Task to carry out »
Your output should be the lines below from the one holding "Landscape photography-1.jpg" through the one holding "Fahrrad Reparatur Wartungsständer", transcribed exactly, with no pictures.

Dataset »
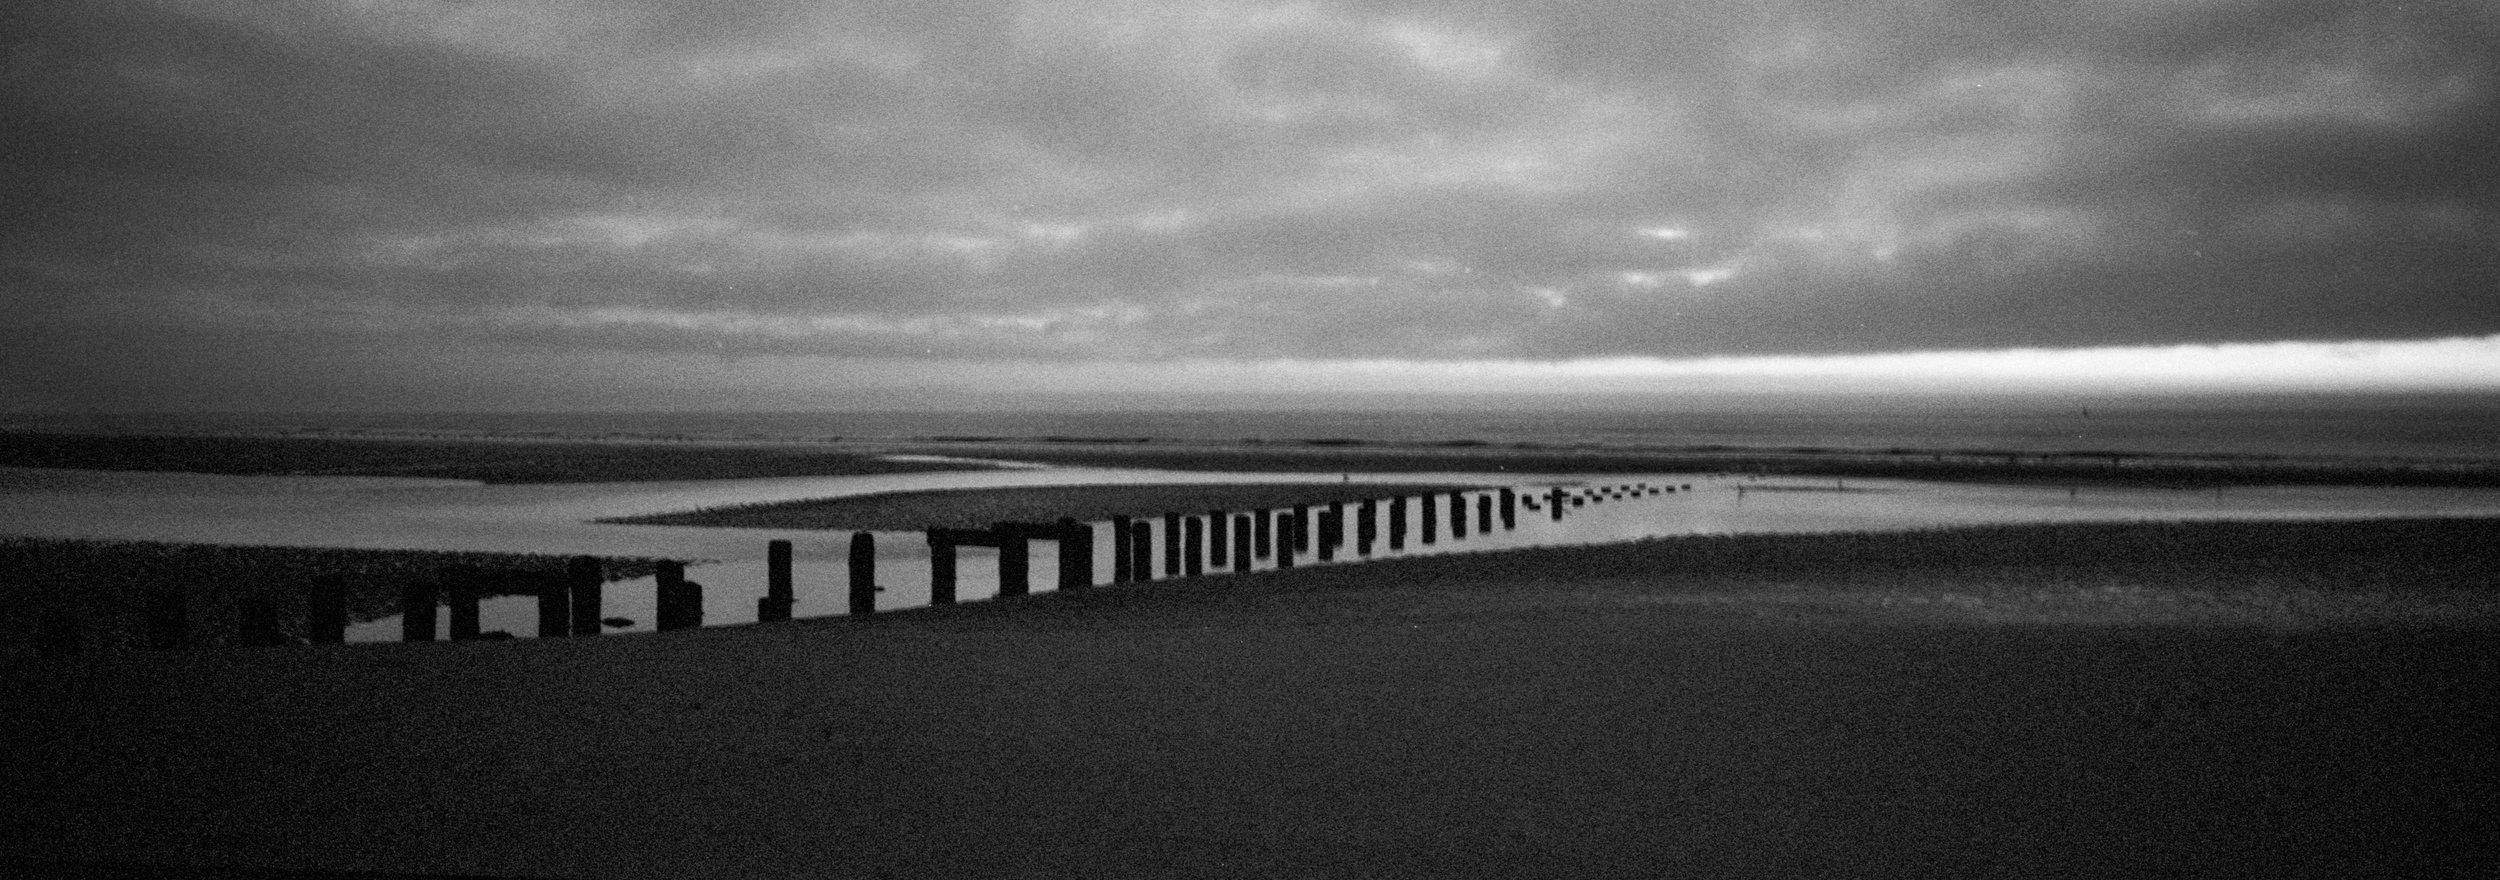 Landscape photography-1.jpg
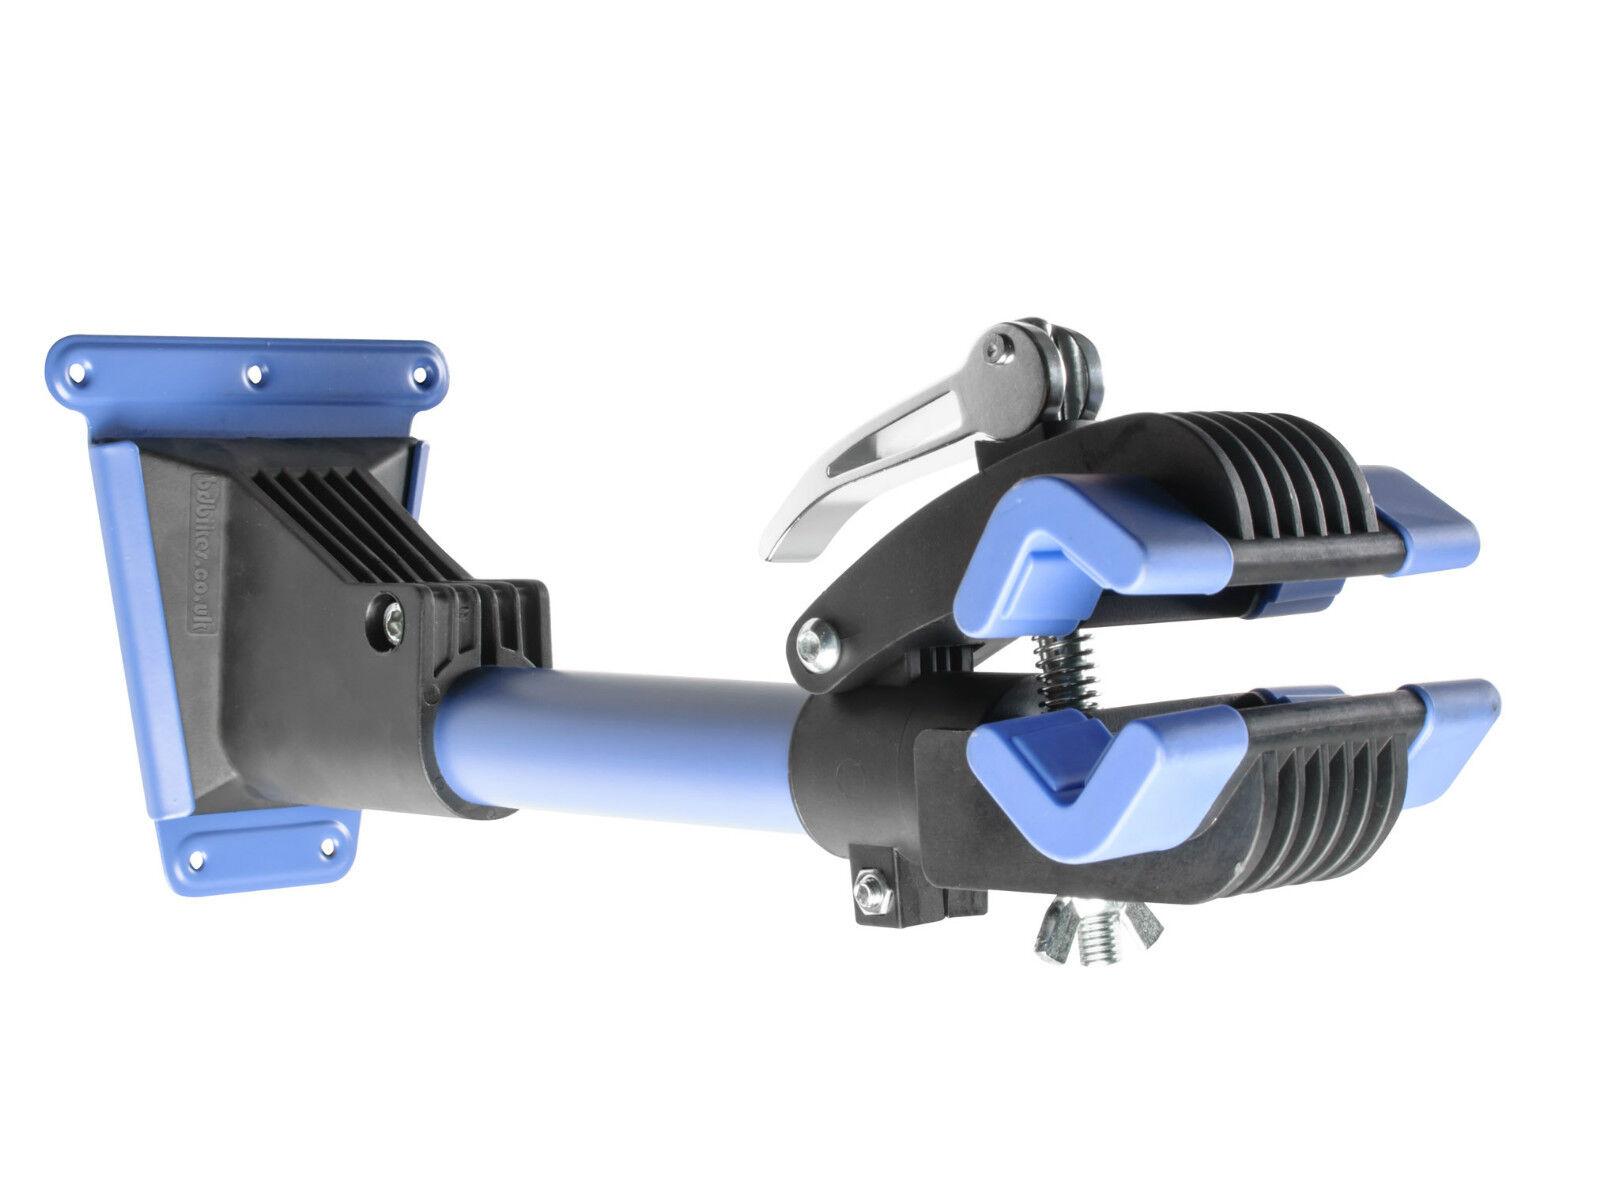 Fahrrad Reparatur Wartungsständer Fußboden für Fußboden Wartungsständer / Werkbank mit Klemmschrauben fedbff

* * *

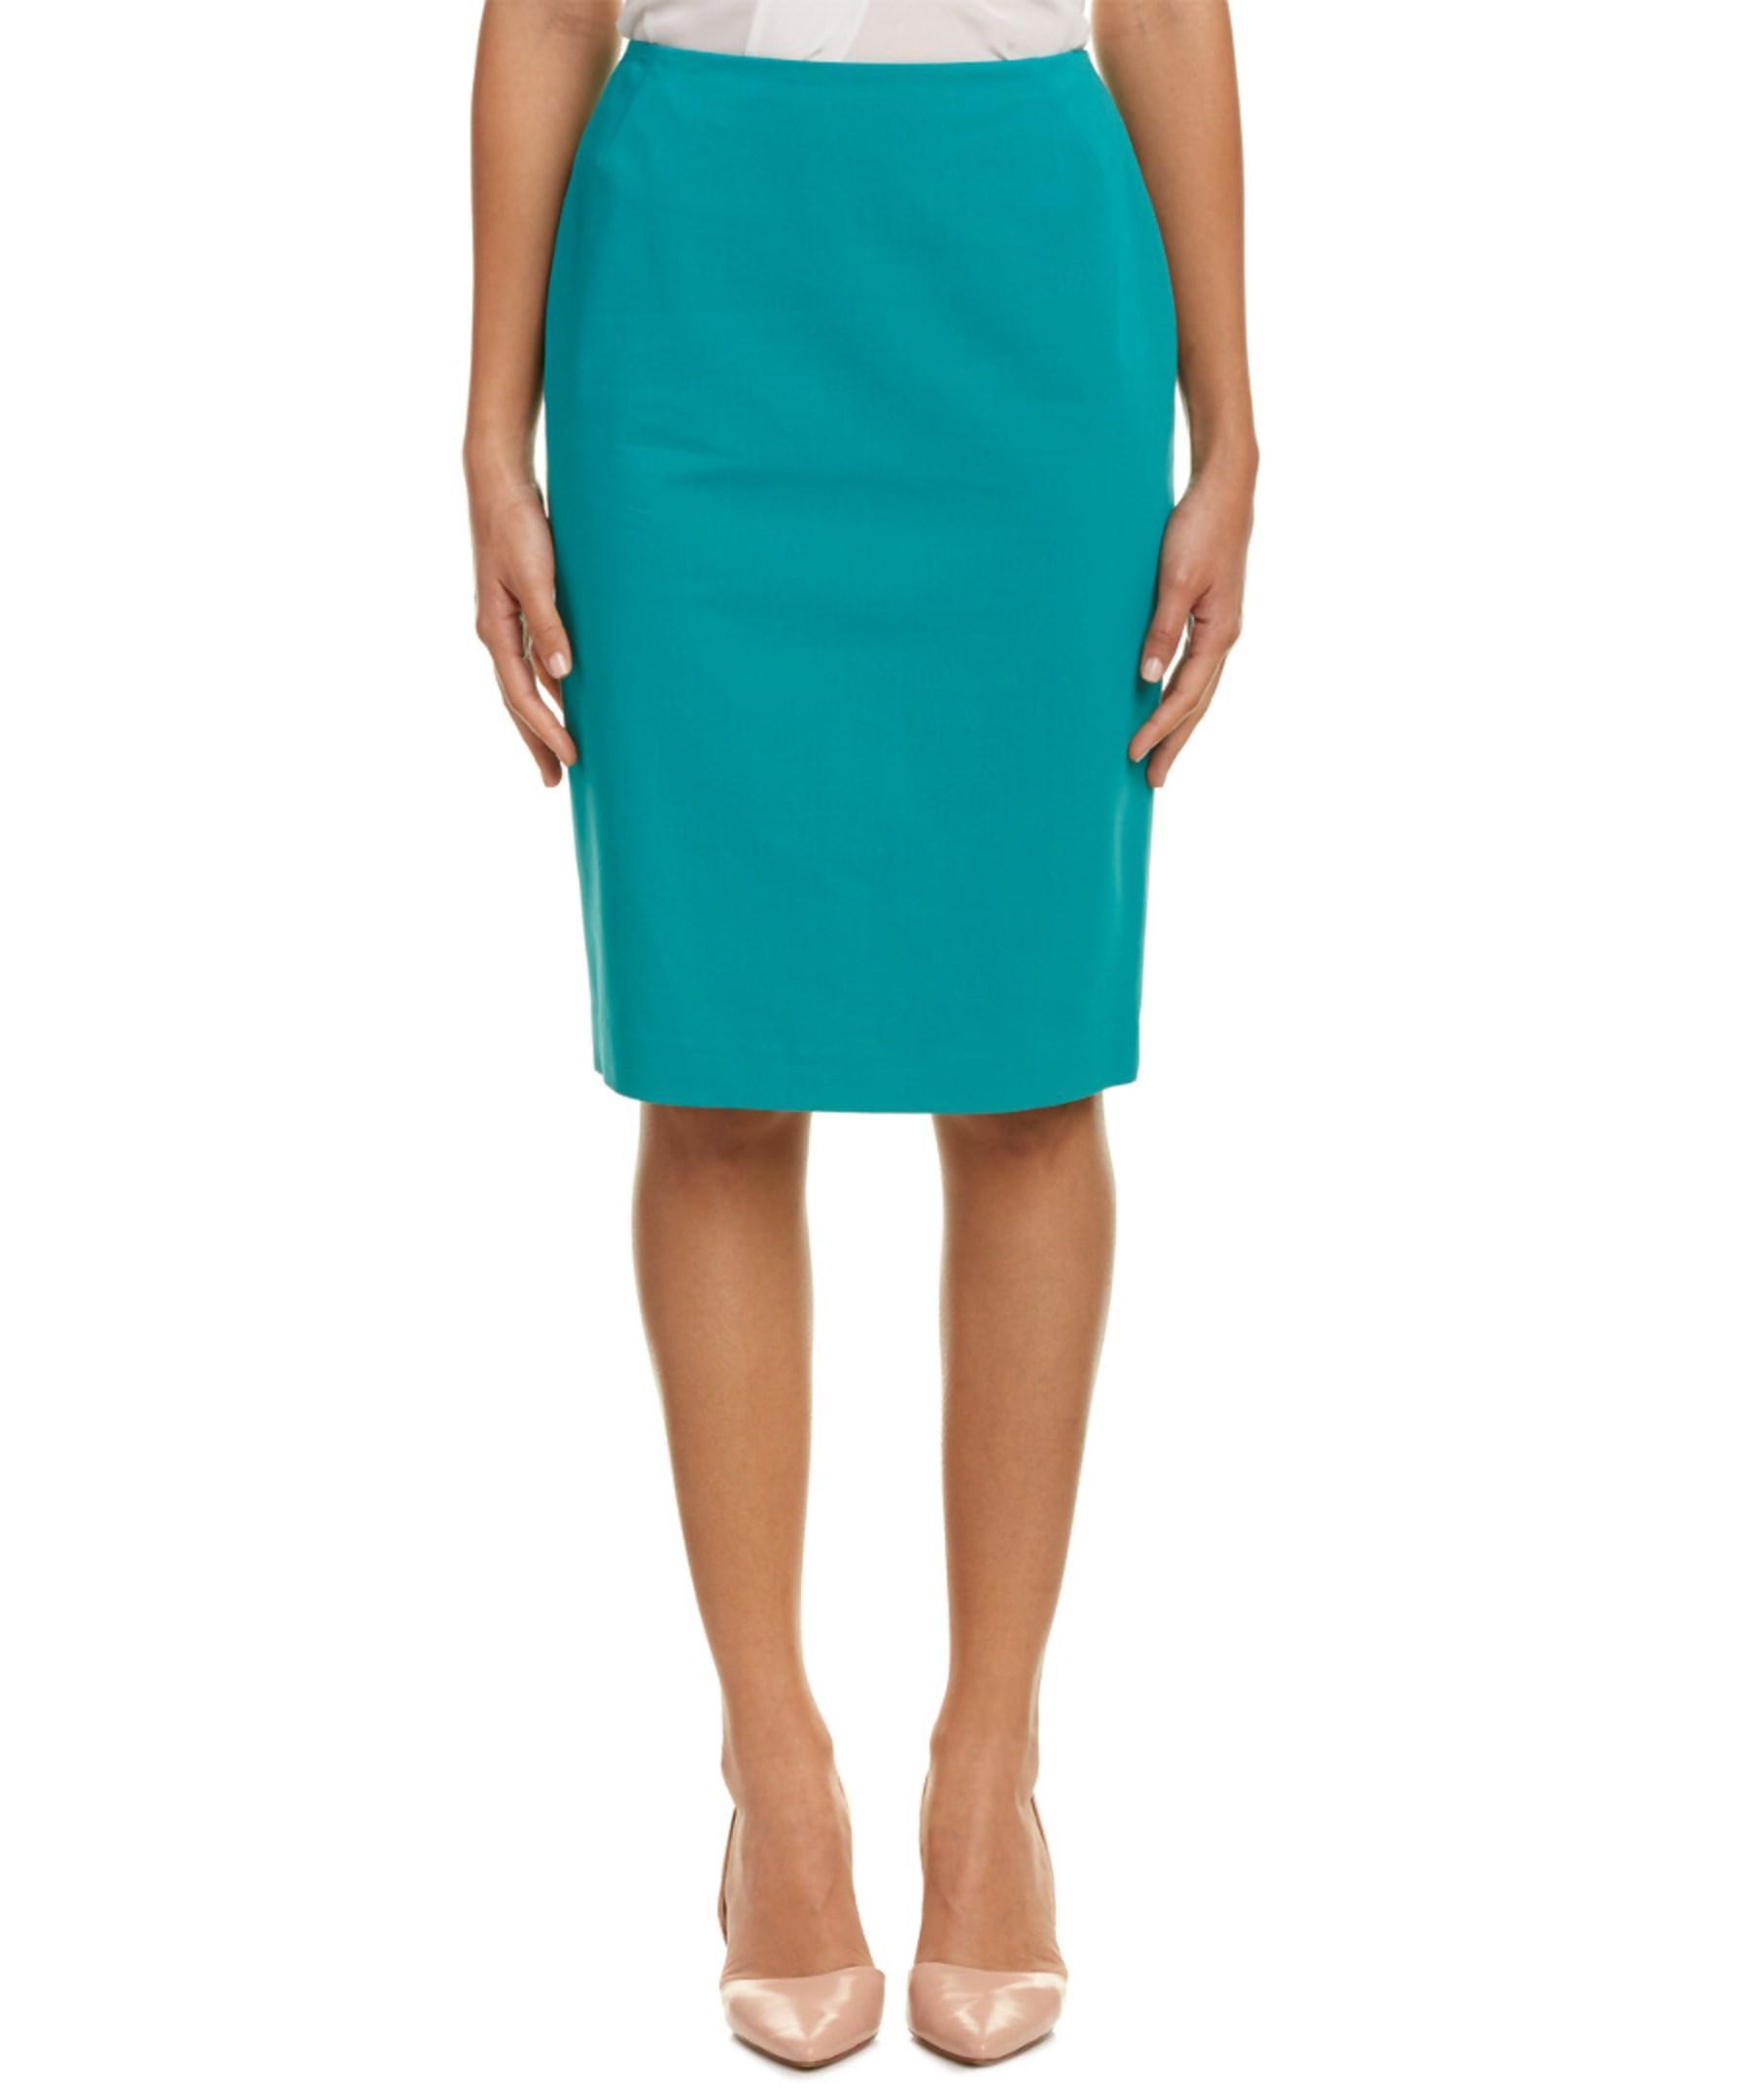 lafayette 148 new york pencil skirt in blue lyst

==

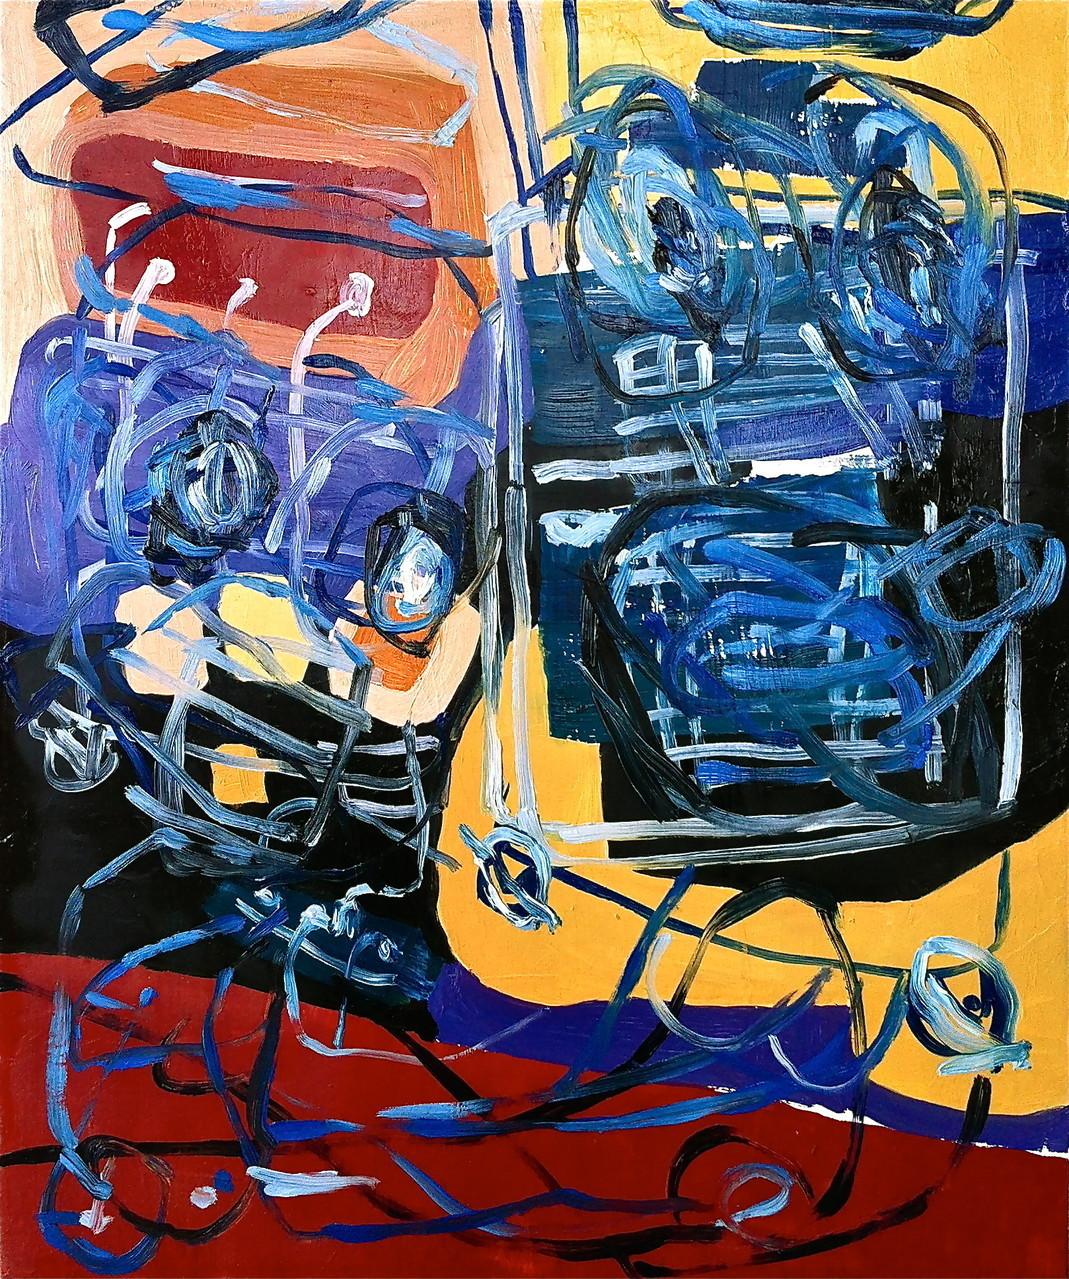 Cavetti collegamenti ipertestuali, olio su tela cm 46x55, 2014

Output for this task »
 Landscape photography-1.jpg
 Fahrrad Reparatur Wartungsständer Fußboden für Fußboden Wartungsständer / Werkbank mit Klemmschrauben fedbff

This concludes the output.